VOC(Volatile Organic Compounds、揮発性有機化合物)は、ホルムアルデヒド、トルエン、トリクロロエチレンといった常温で揮発しやすい有機化合物のことを指しています。すでによく知られているように「シックハウス」などと呼ばれる室内空気汚染の原因となっている物質がこの中に含まれます。ぜんそくとの関連もすでに指摘されていますが、26日にイギリスの雑誌に発表された研究によると、この関連がさらに明らかになった模様です。
 たとえば、衣類をドライ・クリーニングに出しますと、「ゾール」と呼ぶ石油類でそれを処理しますから、出来上がった洗濯物を受け取って室内においておきますと、VOC が室内に漂うことになります。いまは、かつてのように有害性が指摘されているテトラクロロエチレン(通称パーク)を使っている例は減っているようですが、代わりに 石油類を使いますと VOC が出るのを避けられません。ドライの洗濯物が帰ってきた時の臭いは気になりますね。クリーニングの業界では、ウェット・クリーニングへの移行が進み始めているようです。
 この研究はイギリス医学協会の雑誌『ソラックス』に発表されたもので、高い濃度の VOC にさらされている子どもは、そうでない子どもと比べて ぜんそくを起こす確率が4倍になることが明らかになりました。VOC が出てくるのは洗濯物に限りません。この研究では、塗料などの有機溶剤、接着剤、洗濯物、ポリッシュ(磨き剤)、ルーム・フレッシュナー(臭い消しなど各種のスプレー)、新しいカーペットなどが挙げられています。
 研究に携わったのはオーストラリアの医師たちで、パースの病院でぜんそくの治療を受けた88人の子どもが調査の対象となりました。
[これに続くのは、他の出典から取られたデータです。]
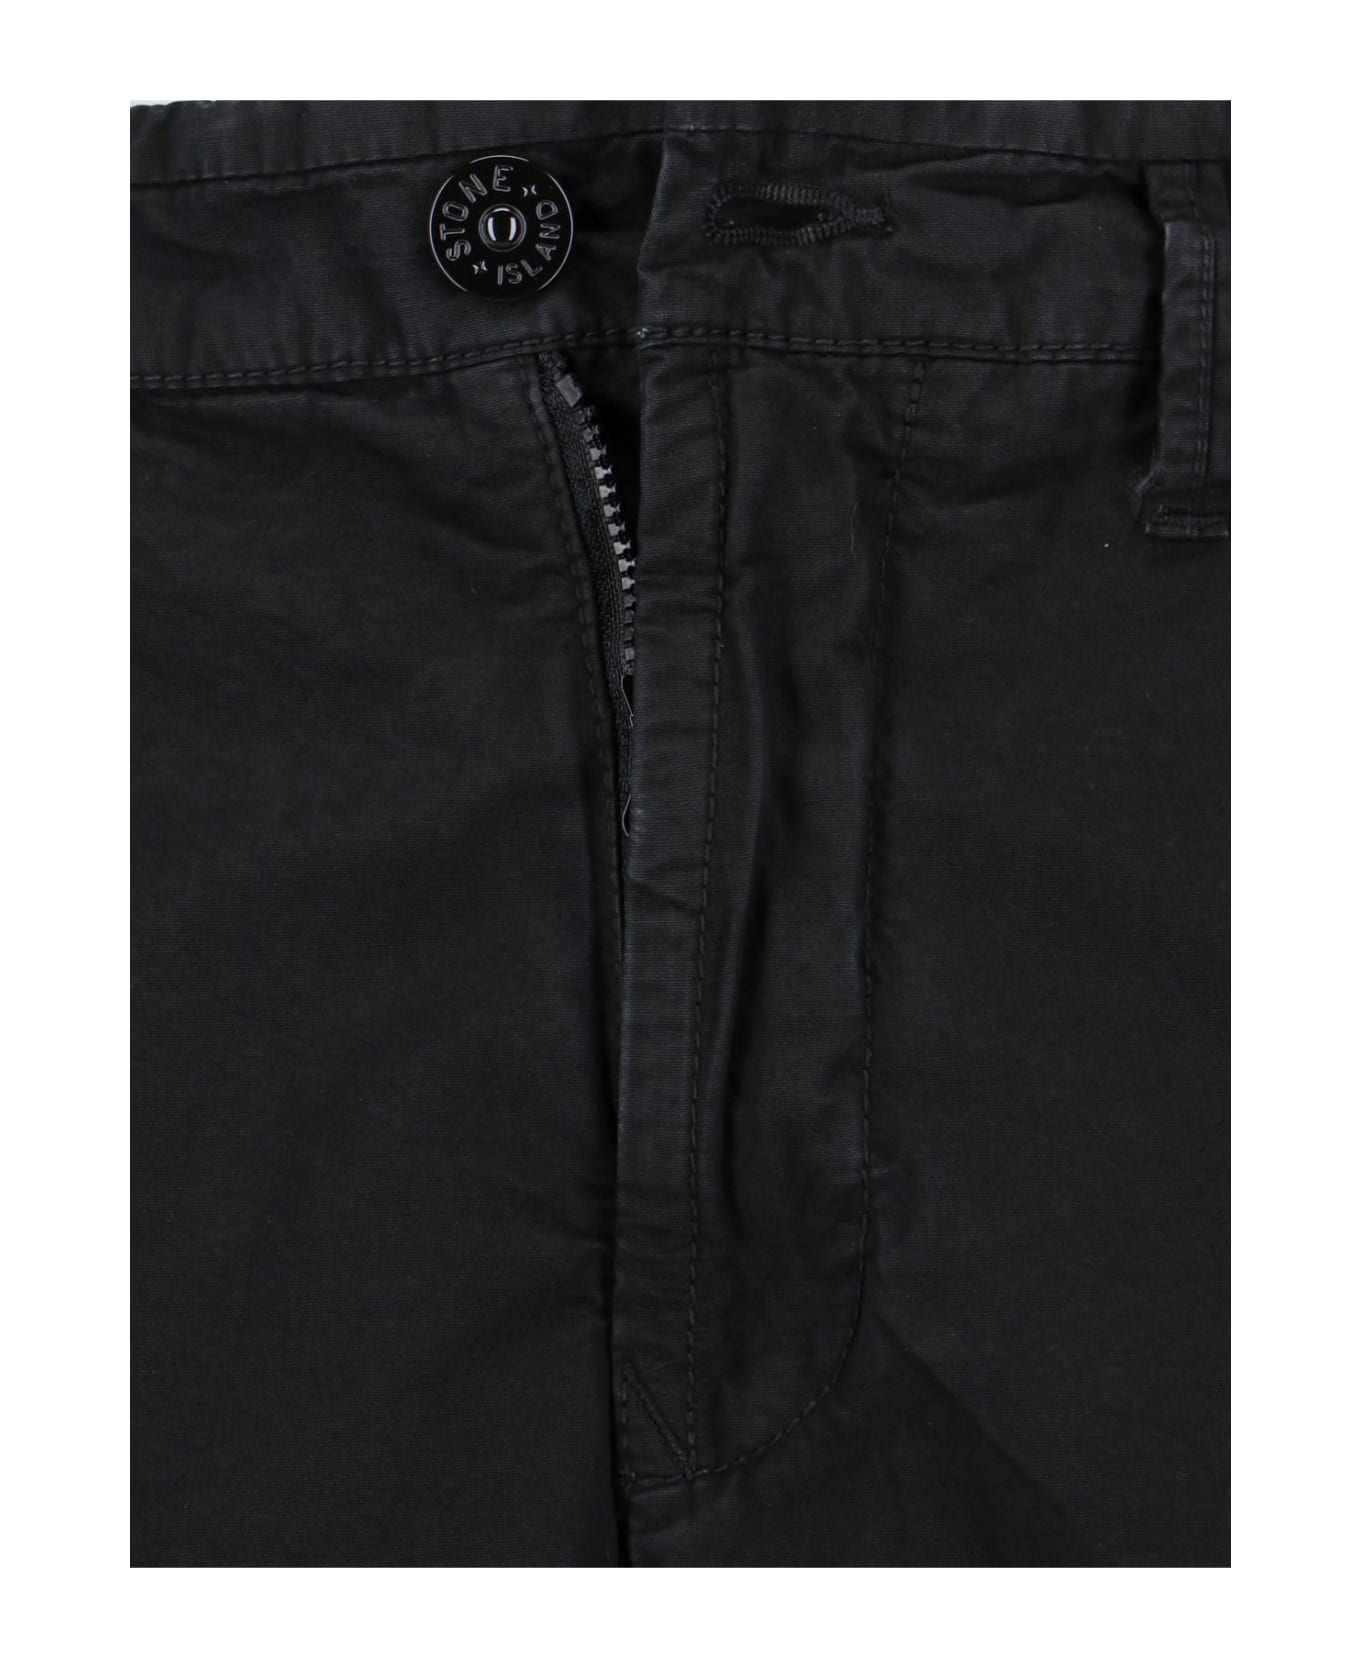 Stone Island Cotton Shorts - BLACK
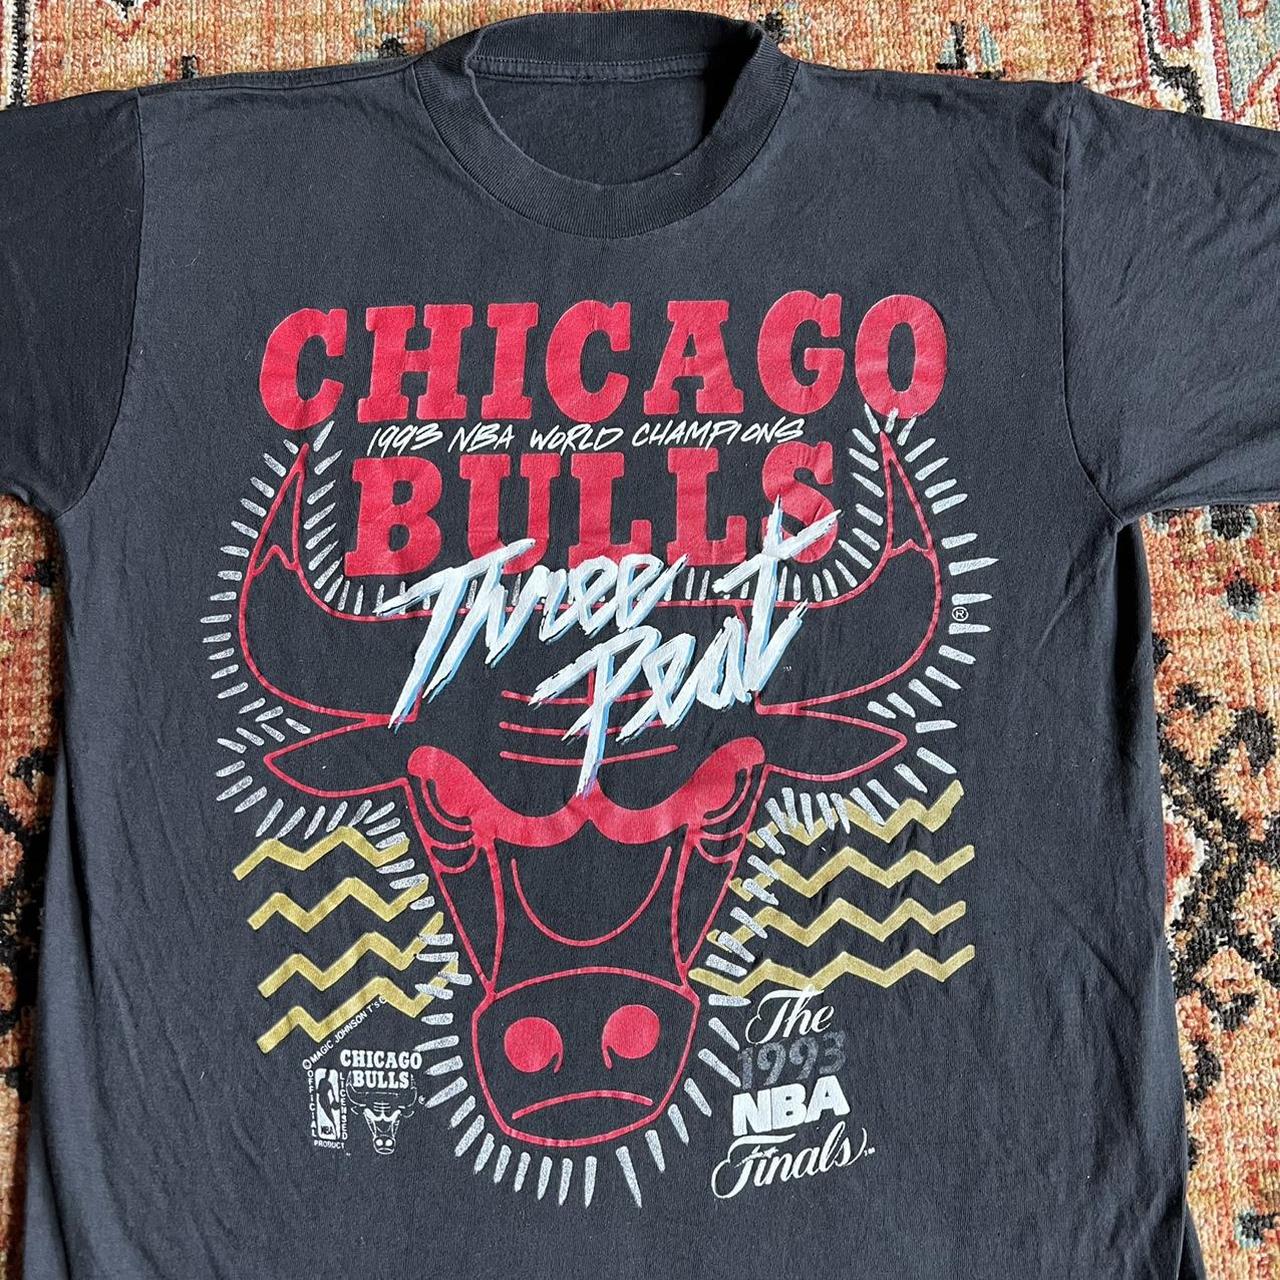 Vintage 90s Chicago bulls 3 peat 1993 nba finals t - Depop

VOC 濃度は、喫煙者がいる室内、塗装した後の室内、新しいカーペットを敷いた室内で高いことがわかりました。研究に携わった医師たちは、VOC の一部に発がん性があること、ぜんそくの原因になる可能性が強いことから、何が室内空気の VOC 濃度を押し上げている要因なのか、さらに詳しい調査が必要だと述べています。